■ Information supplied
● ● ● ● ●
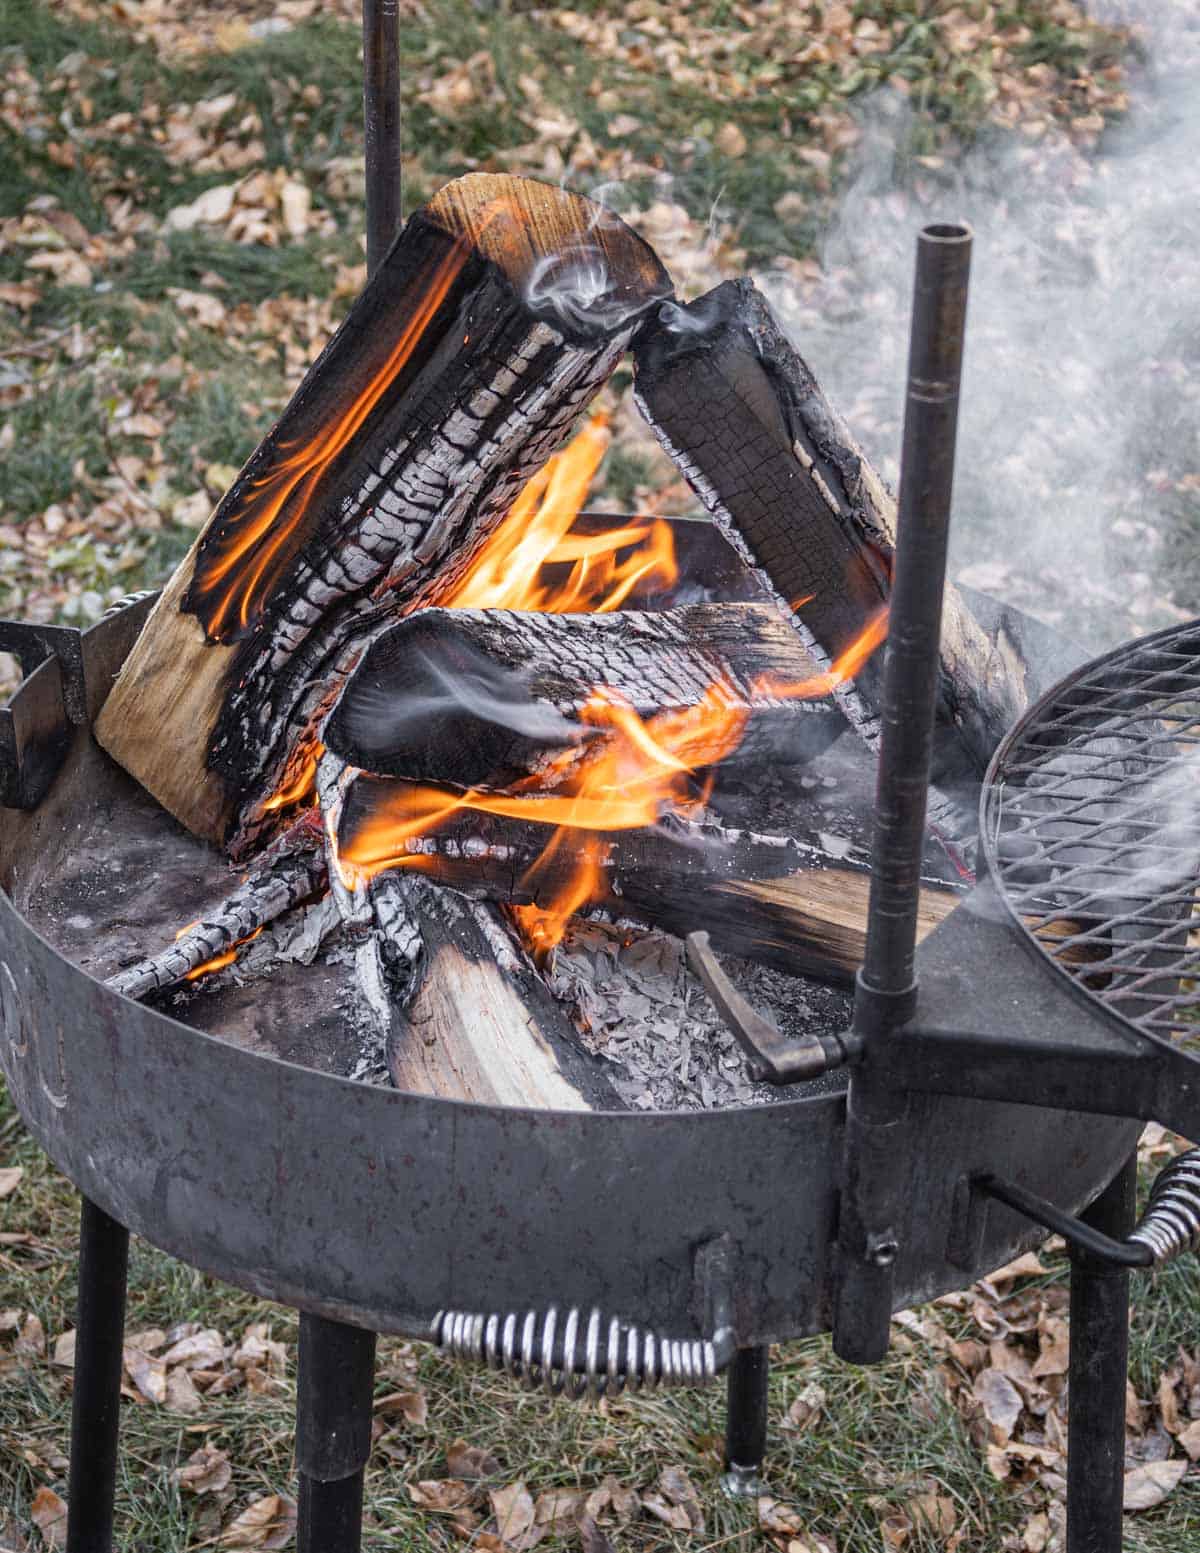 Building a wood fire in a kudu grill. 
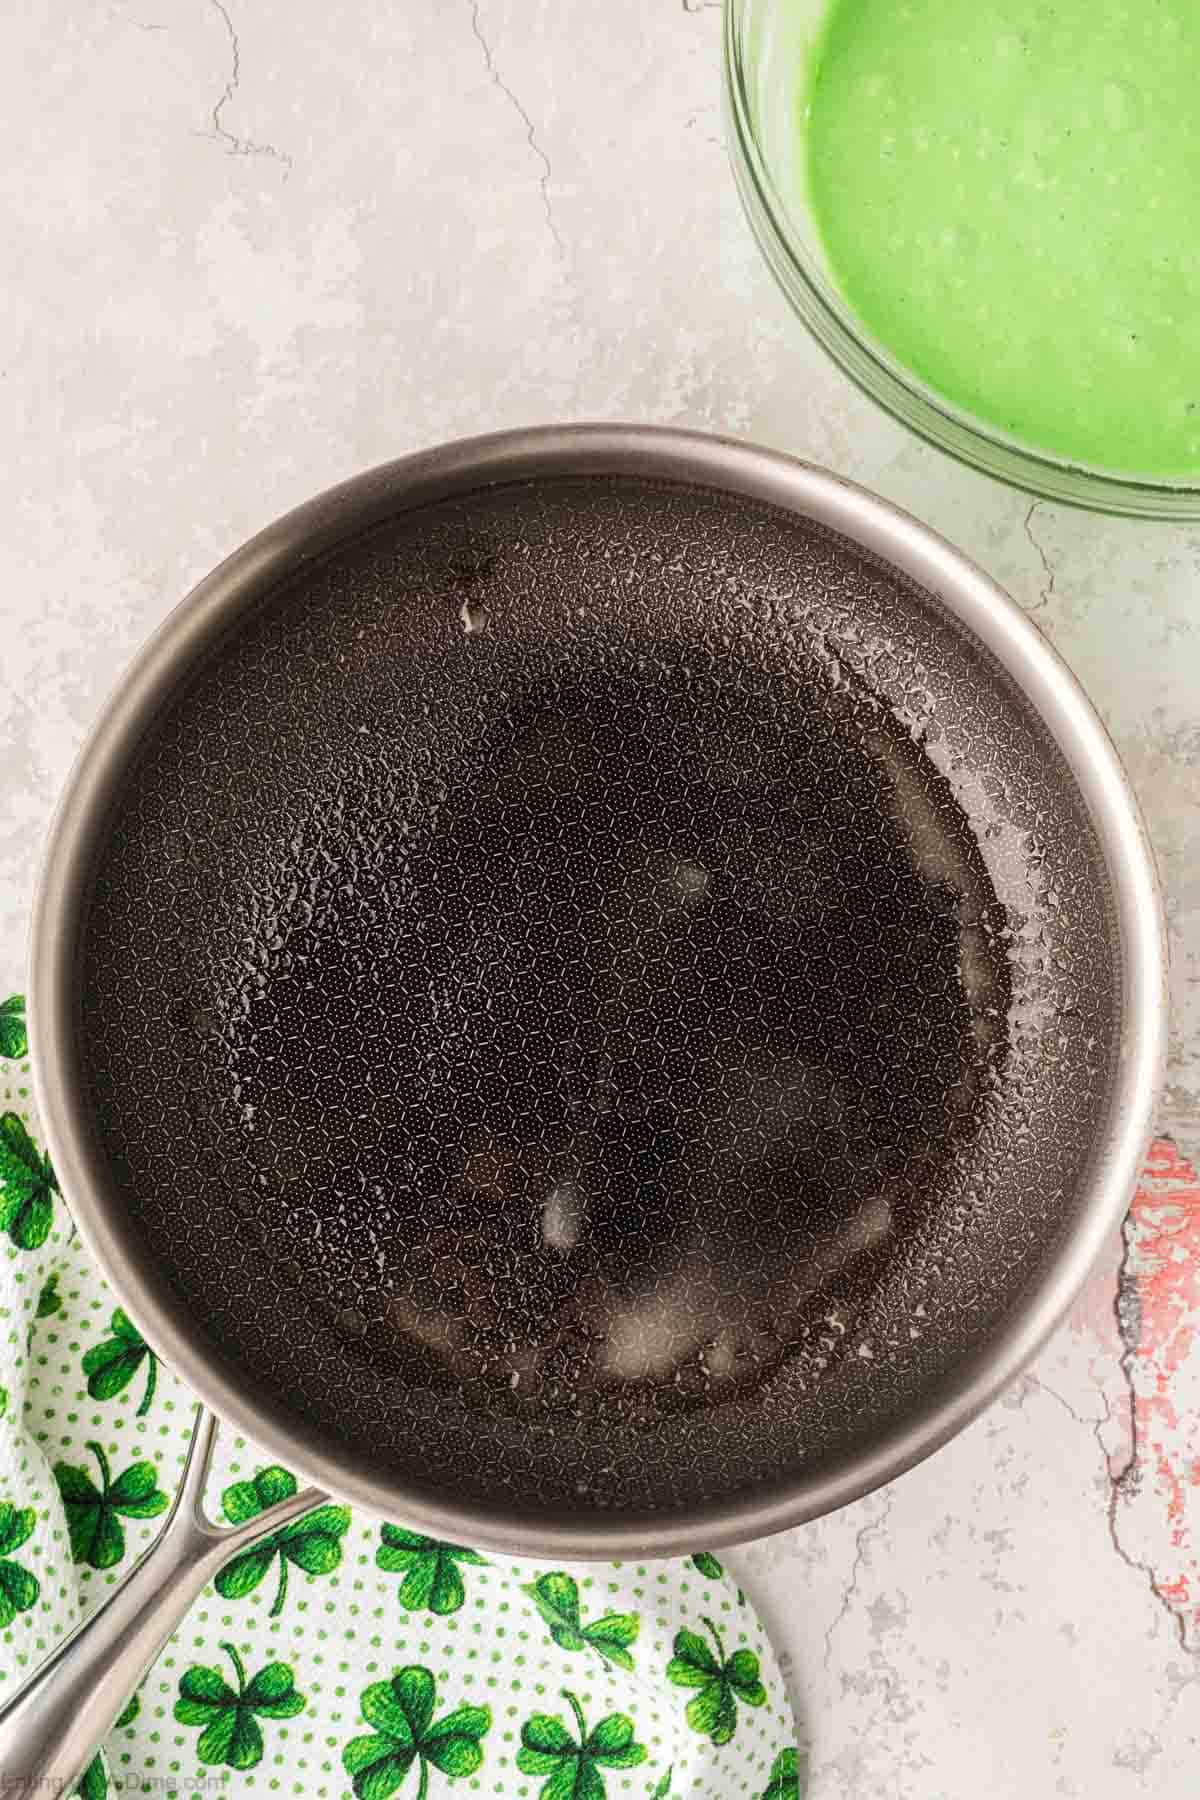 Heating a skillet with butter
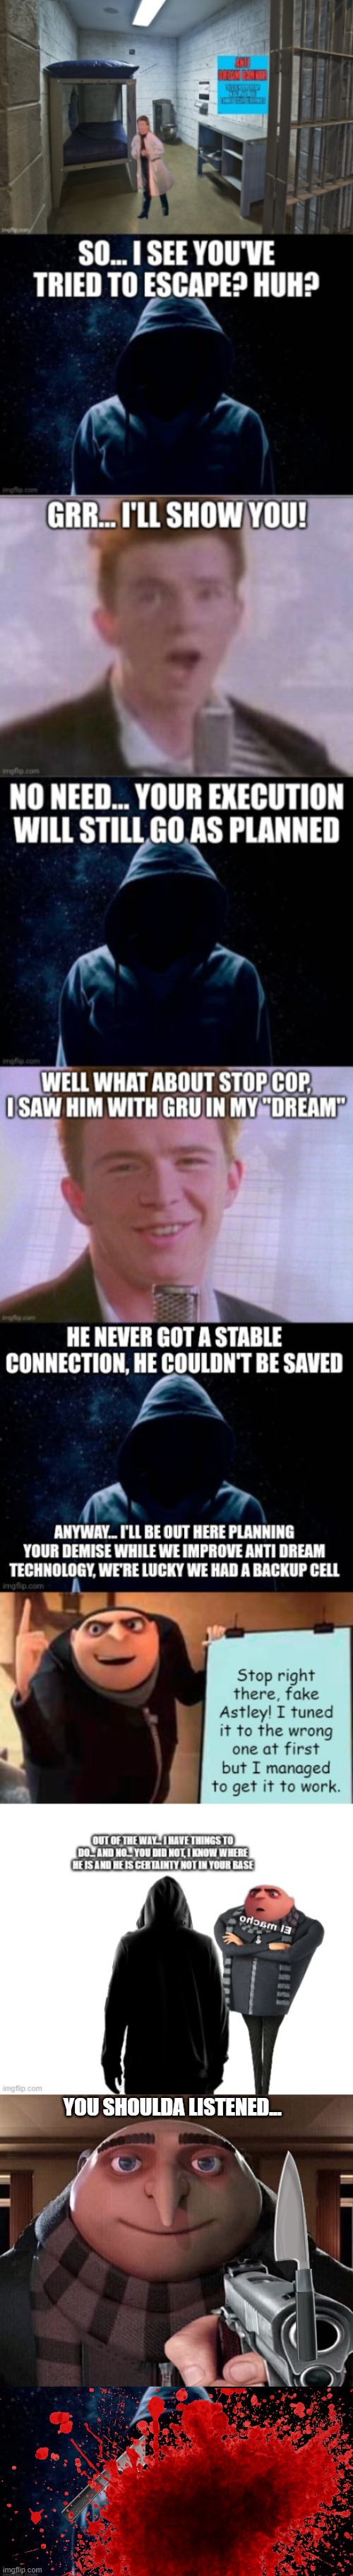 Rick Astley's execution has been postponed indefinitely and freed. | YOU SHOULDA LISTENED... | image tagged in gru gun | made w/ Imgflip meme maker
● ● ● ● ●
■ Activity
Copy out, with no pictures, the lines from the one containing "Heating a skillet with butter" through the last line of the data above, both ends included and each word unchanged.

■ Answer below
 Heating a skillet with butter
 Rick Astley's execution has been postponed indefinitely and freed. | YOU SHOULDA LISTENED... | image tagged in gru gun | made w/ Imgflip meme maker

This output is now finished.